But today the voice of Canada’s centre-left has largely grown silent on sovereignty.

UBC political scientist emeritus Philip Resnick says much of Canada’s English-speaking centre-left (unlike in Quebec) now puts most of its energy into supporting “cosmopolitanism.”

Indeed, Canada’s most vigorous centre-left defenders of sovereignty are literally dying off — such as the late Canadian Encyclopedia publisher Mel Hurtig, who said “I’ve spent an entire life battling like hell against the sellouts in our country.”

An irony is that it is now some noted foreigners — such as Chinese Consul-General Liu Fei, based in Vancouver — who argued last year that B.C. should consider a tax on offshore buyers as well as other measures.

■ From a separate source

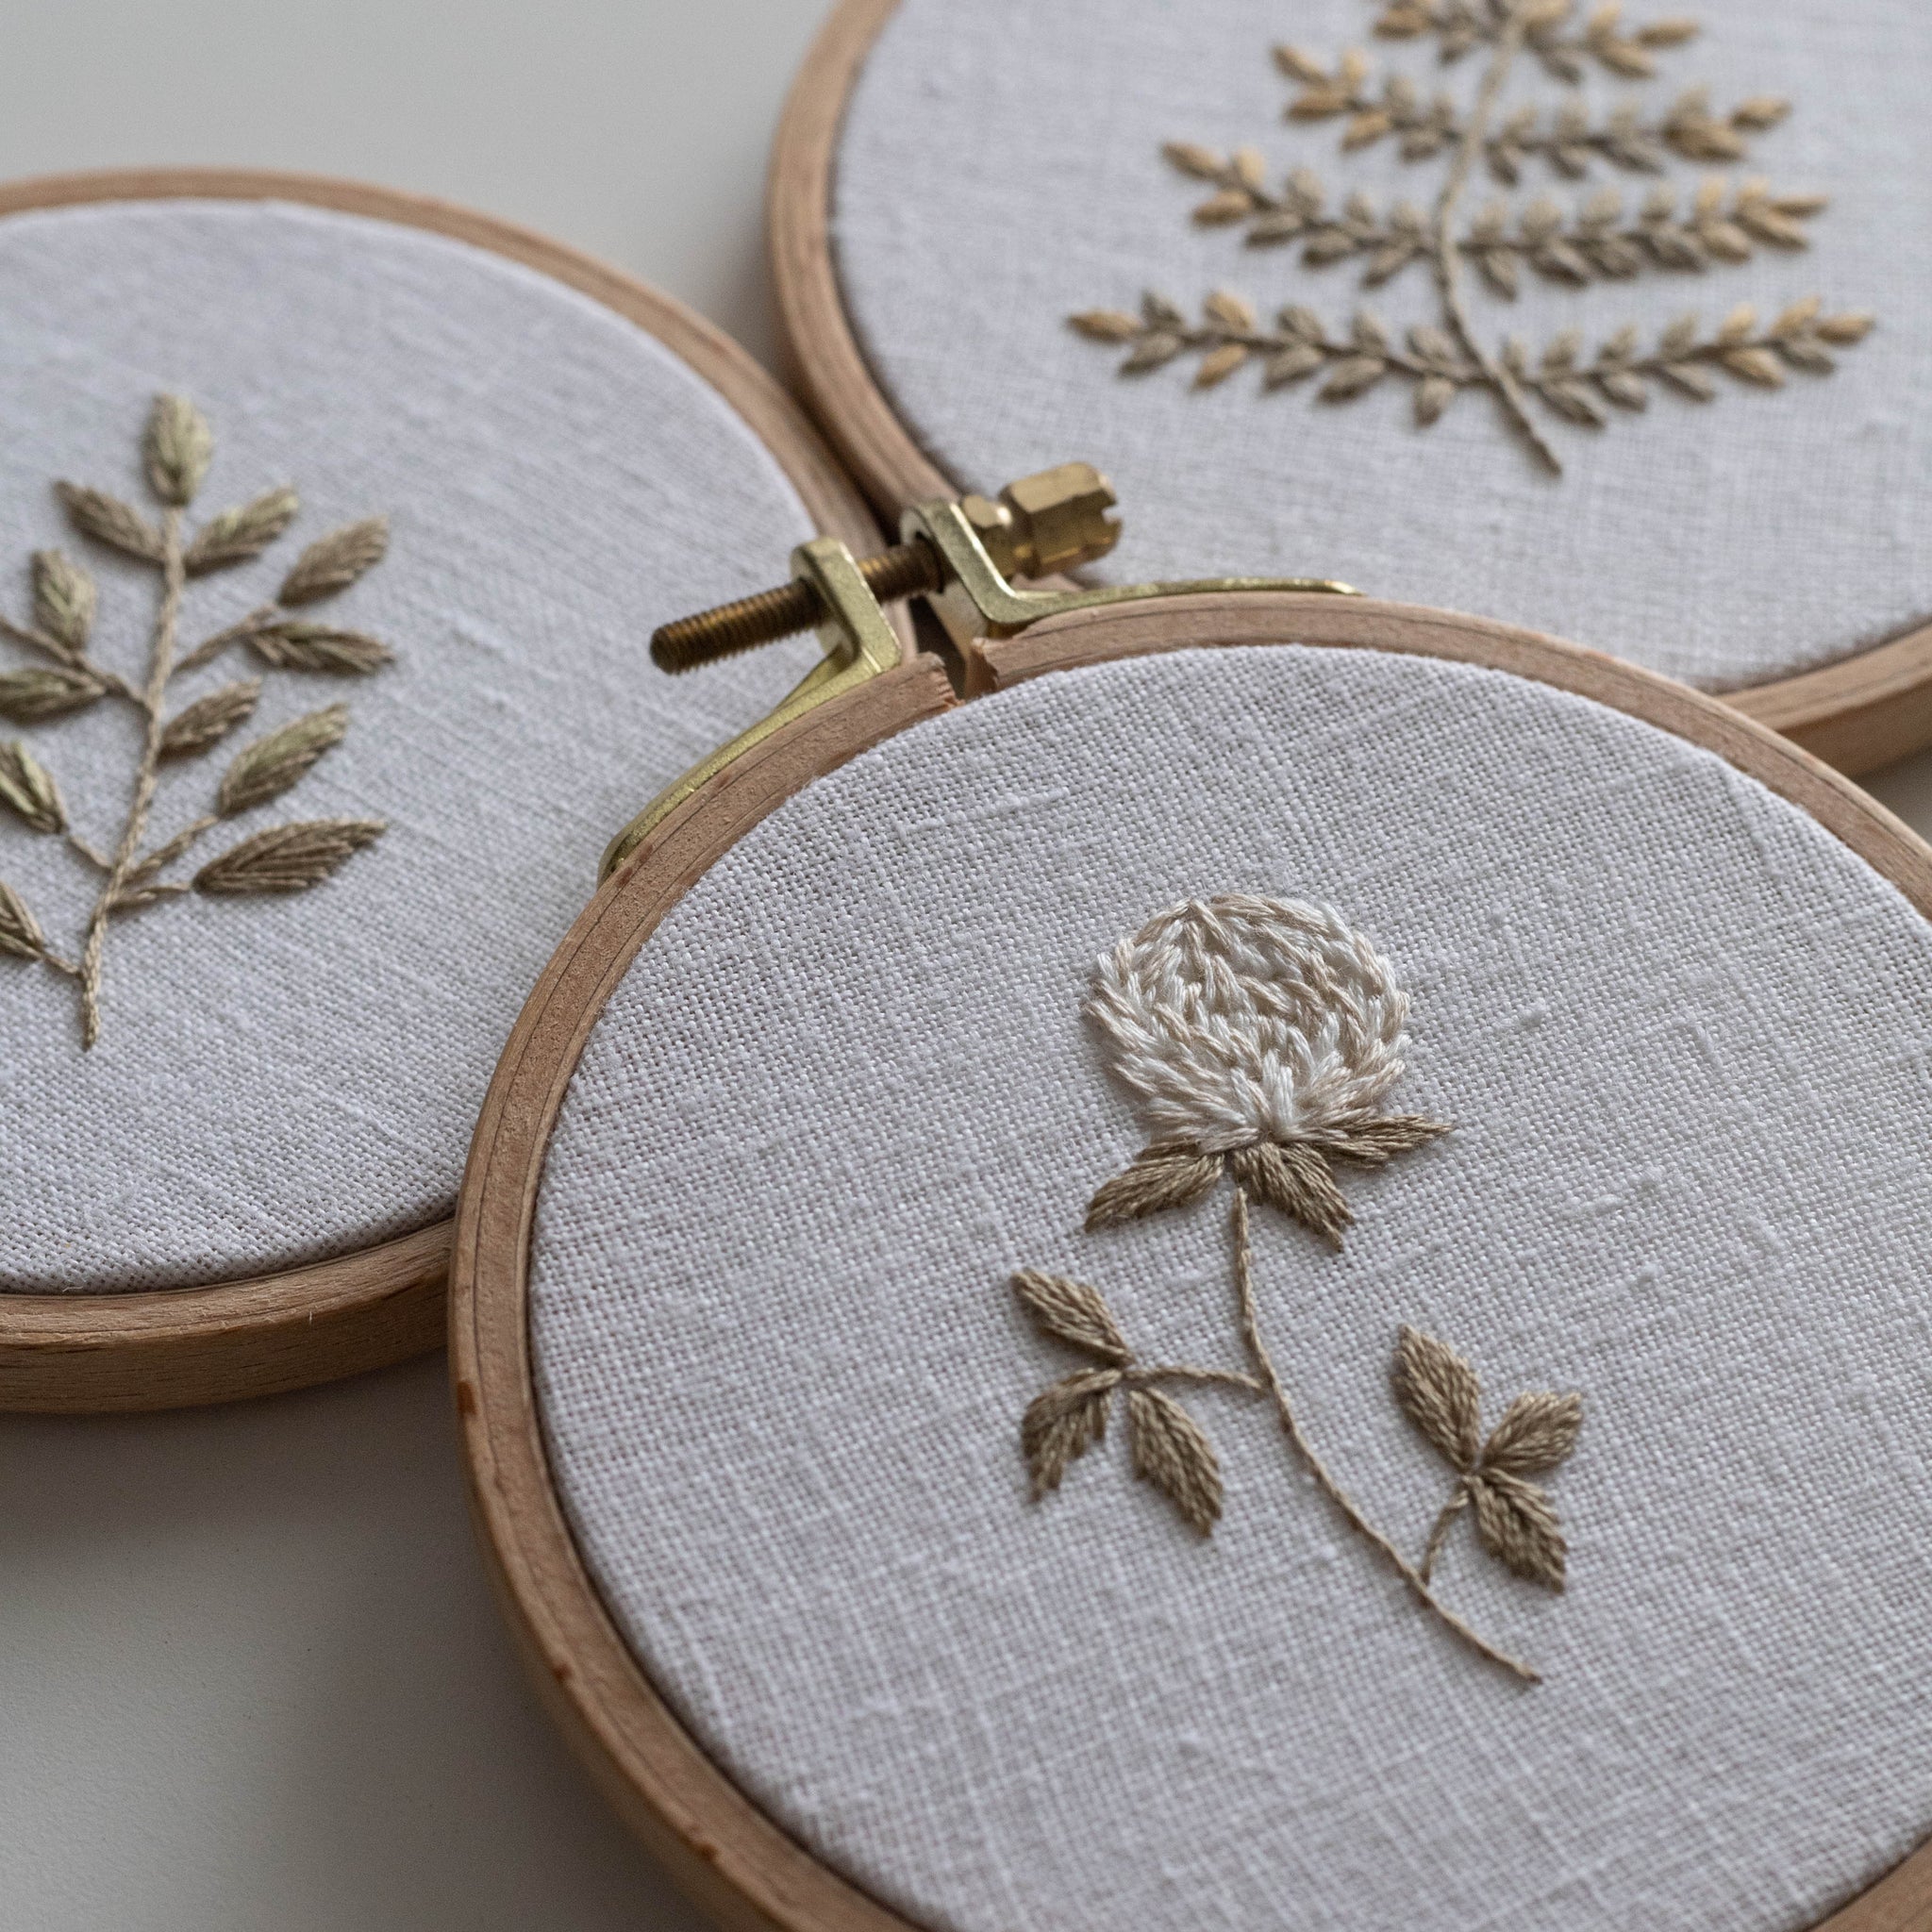 Embroidery Kit - Stick and Stitch Embroidery Patterns - Floral

A truly sovereign country, Liu suggested, would impose a variety of regulations to curtail runaway property speculation by offshore rich, regardless of where they come from.

Even though the Chinese consul-general appeared to waver on the details of B.C.’s 15 per cent tax in a news report Friday, most of the world’s countries, especially China, have a variety or rules and taxes to restrict foreign ownership.

That’s what’s happened even among Canada’s NAFTA partners, the U.S. and Mexico, as well as in Australia, Hong Kong, Denmark, France, Switzerland and a host of other countries.

But Canada, under Justin Trudeau, is going the opposite direction, with the federal Liberals in China this week welcoming more “free trade” with the populous country, as well as a doubling of Chinese newcomers to Canada.

Christy Clark reacts to pressure for more sovereignty

UBC law professor Joel Bakan, creator of the acclaimed financial documentary, The Corporation, says “in the past 30 years of economic globalization there has been an attack on the idea of the nation state.”

However, the nation-state, Bakan said in an interview, remains the key structure through which a people can create a democratic community, with all its attendant regulations to protect the common good of its citizens.

In what was for her a sudden turnaround, Clark imposed the 15 per tax on foreign buyers in reaction to the winds of political change sweeping Metro Vancouver, not to mention large swaths of the U.S. as well as Britain and Europe.

More average people are realizing economic globalization creates winners and losers — and that they’re the also-rans.

In B.C. an Angus Reid poll rang a sovereigntist chord when it revealed 90 per cent approved the tax. The tax represents a 180-degree turnaround for Clark, who has until now been actively wooing foreign real estate investors.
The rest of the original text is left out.